Producing digital media for LET and videoing the creative activities taking place has given me the chance to explore some of the towns and villages around Pennine Lancashire.
I was excited to discover that the Edwardian filmmaking duo Mitchell and Kenyon were from the region, in particular, operating from their base in Blackburn. This is from their entry on Wikipedia:
The showmen became self-publicising travelling cinematograph operators. Films taken during the day were shown on the same evening in fairground tents or local meeting halls and music halls with slogans like ”see yourselves as others see you”. Dramas took a while to catch on and the non-fiction actuality films were more popular.

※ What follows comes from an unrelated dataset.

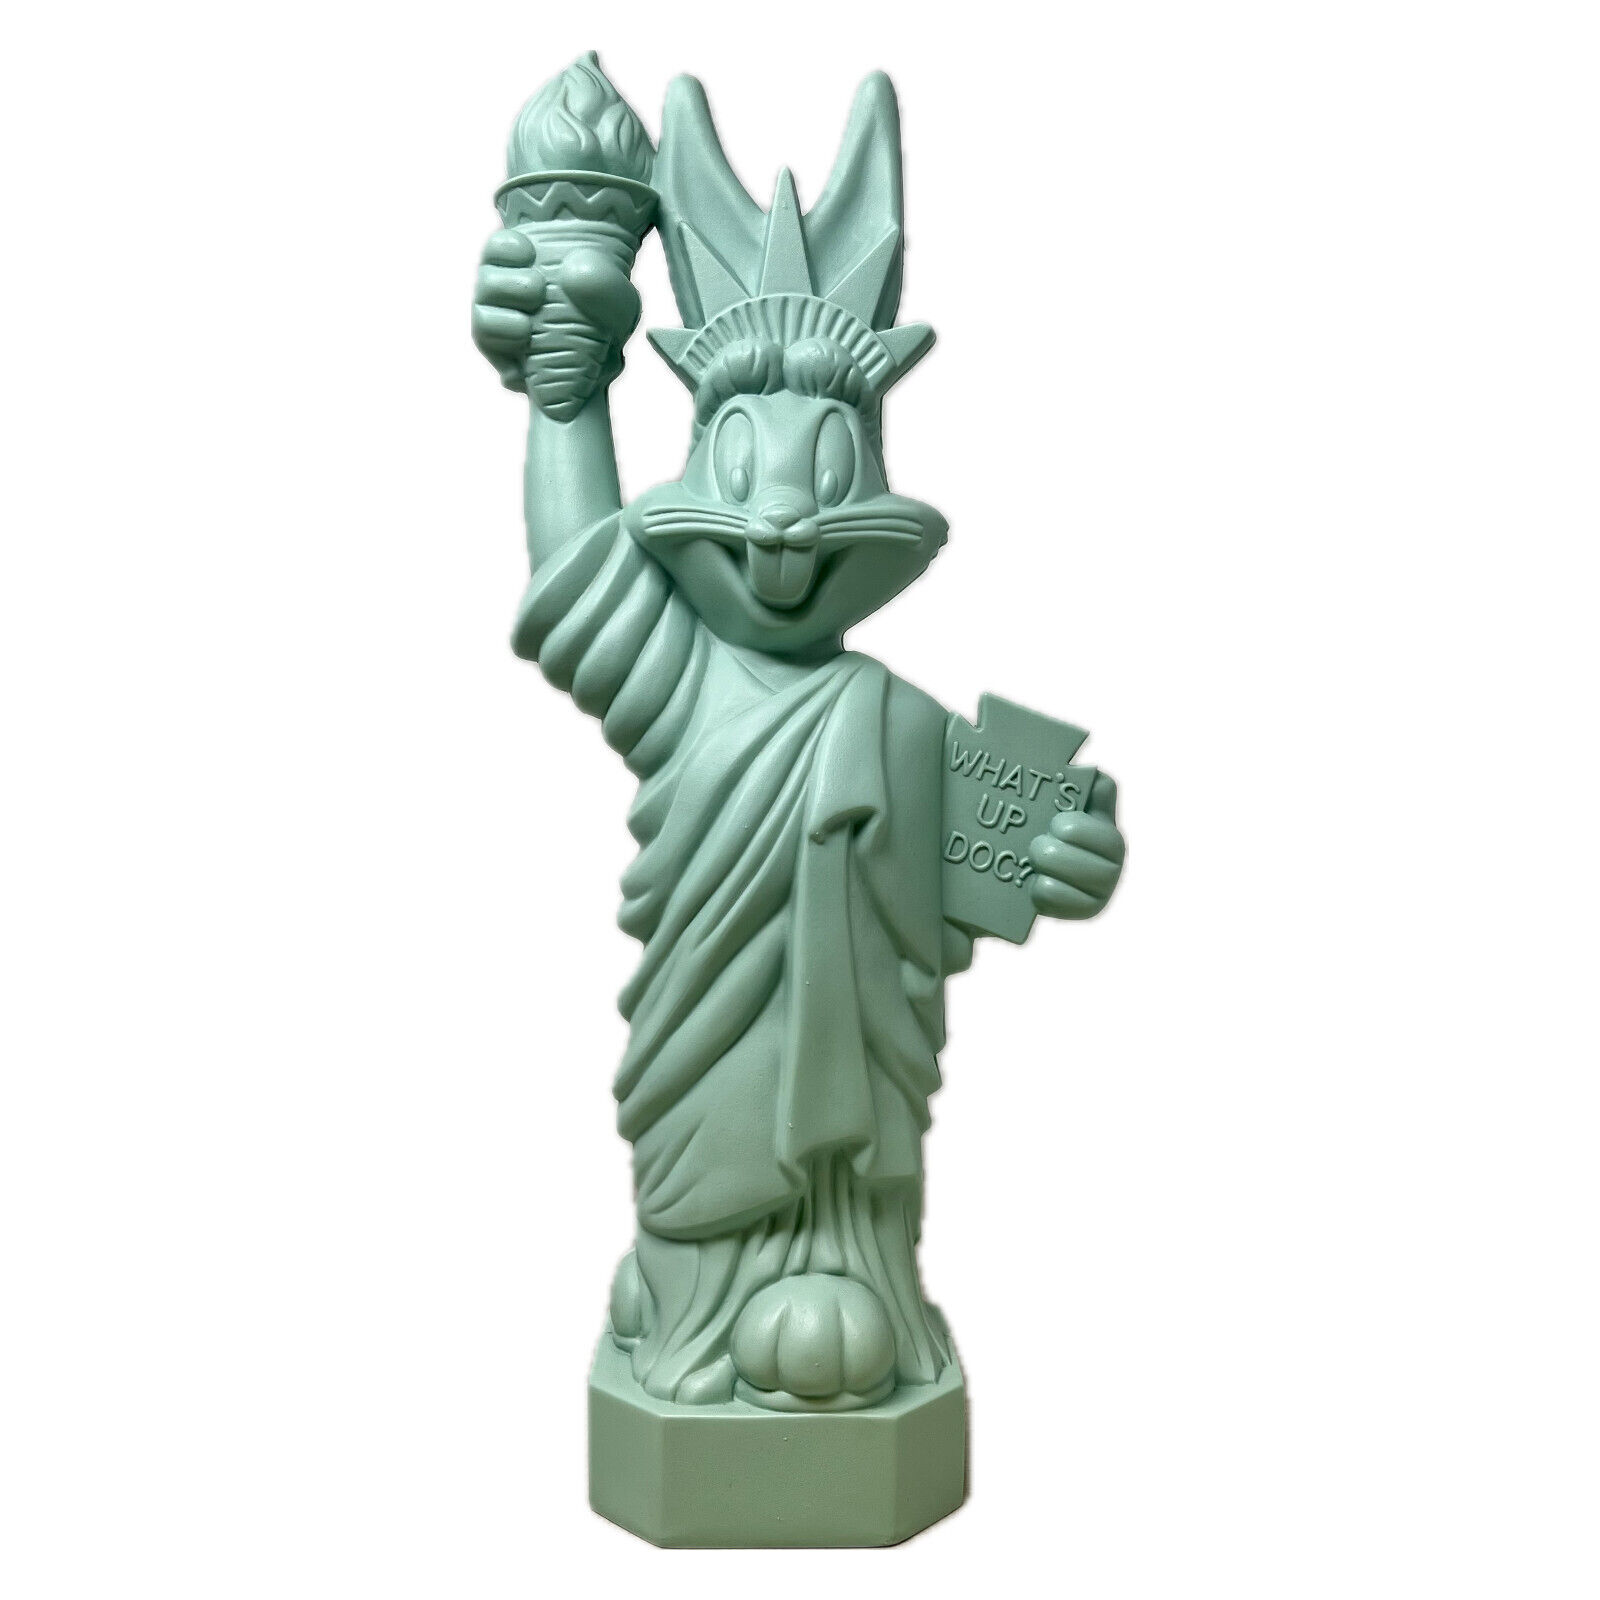 1995 Warner Bros 15.5” Bugs Bunny Statue of Liberty Coin Bank

It is interesting to compare their approach over a century ago with what is going on now in the digital realm. We may have lost our curiosity in front of the camera and aren’t quite so spellbound when watching moving pictures today, yet what lives on, assisted by the proliferation of digital technology, is a common desire to record and show what’s going on around us (our localities). The fascination of the present is now played out worldwide on Youtube, Ustream and on mobile phones.
I had in mind this early spirit of filmmaking when putting together a short video of John Flanagan and his team ‘mapping Accy’.
Using multiple cameras to capture ‘time lapse’ on a busy Saturday in Accrington town centre proved a fun and interesting way of documenting street scenes and the movement of people en masse. Time lapse canreveal interesting patterns of human behaviour, outside of our normal perception, and therefore has the potential to tell a story in a different way.